Мари длит молчание, наконец королева делает нетерпеливый жест, и аббатиса, смягчившись, говорит: да, конечно, молитва – наше оружие, молитва – вот лучший плод любого аббатства. У нас ее в таком избытке, что монахиням за их молитвы щедро жалуют бенефиции.
Но, добавляет Мари, мы сражаемся и золотом. И, к сожалению, его уходит немало. Я сочиняю рассказы и песни, их поют на улицах. Моими трудами улицы Рима, Лондона и Парижа полнятся песнями и слухами о набожности сестер, о силе обители, о моей святости, о великом чуде лабиринта. Мари смеется. Деньги и слухи. Сведения и сочувствие. Против такого оружия нет приема. Этому меня научили вы, Алиенора.

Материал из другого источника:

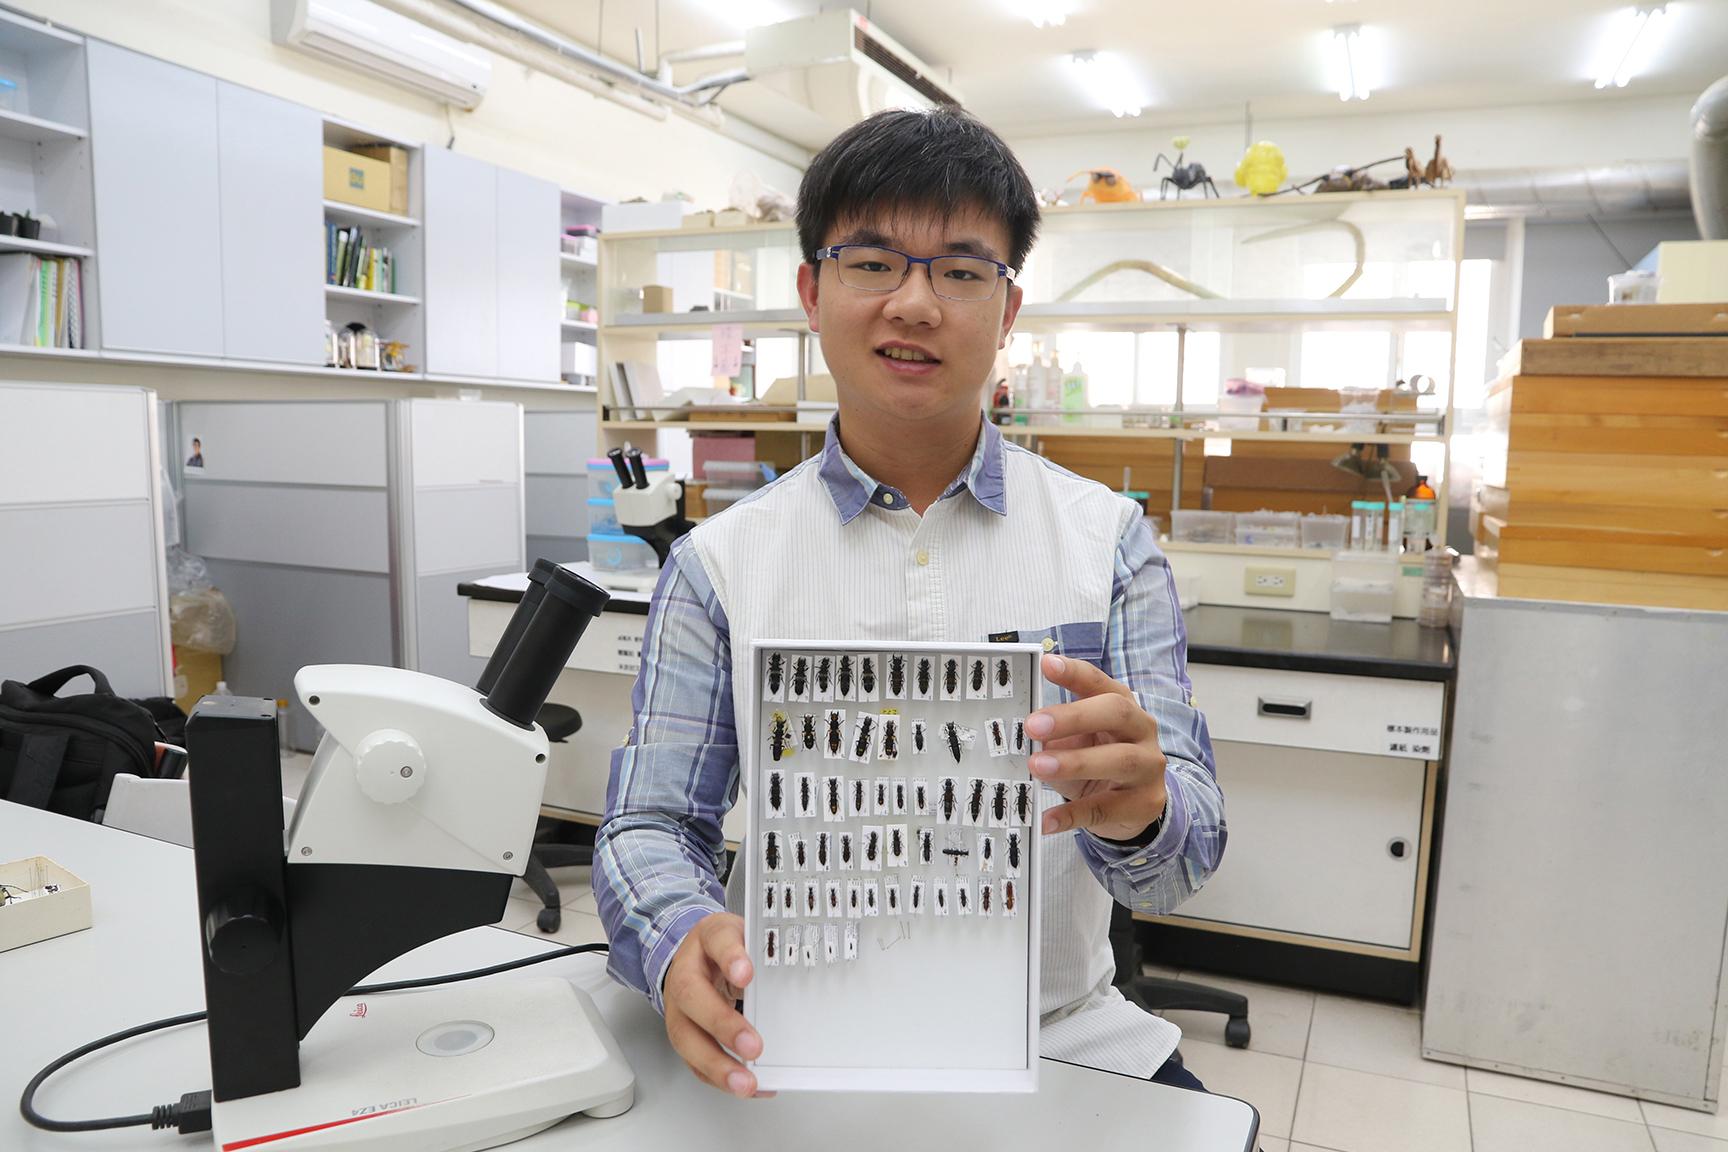 興大昆蟲系大學生胡芳碩,鍾情隱翅蟲研究,兩年發表10篇國際論文。

Королева крепко сжимает бокал, задумчиво допивает вино. Что ж, ласково произносит она, ты поумнела, девочка.
Тише, мысленно одергивает себя Мари, я давно не девочка, пусть душа моя и воспарила от похвалы. Некогда я излила душу свою на пергамент, а королева даже этого не заметила. Мари вспоминает давнюю боль, всматривается в нее, и в груди ее вновь зацветает и распускается старая роза ненависти и любви.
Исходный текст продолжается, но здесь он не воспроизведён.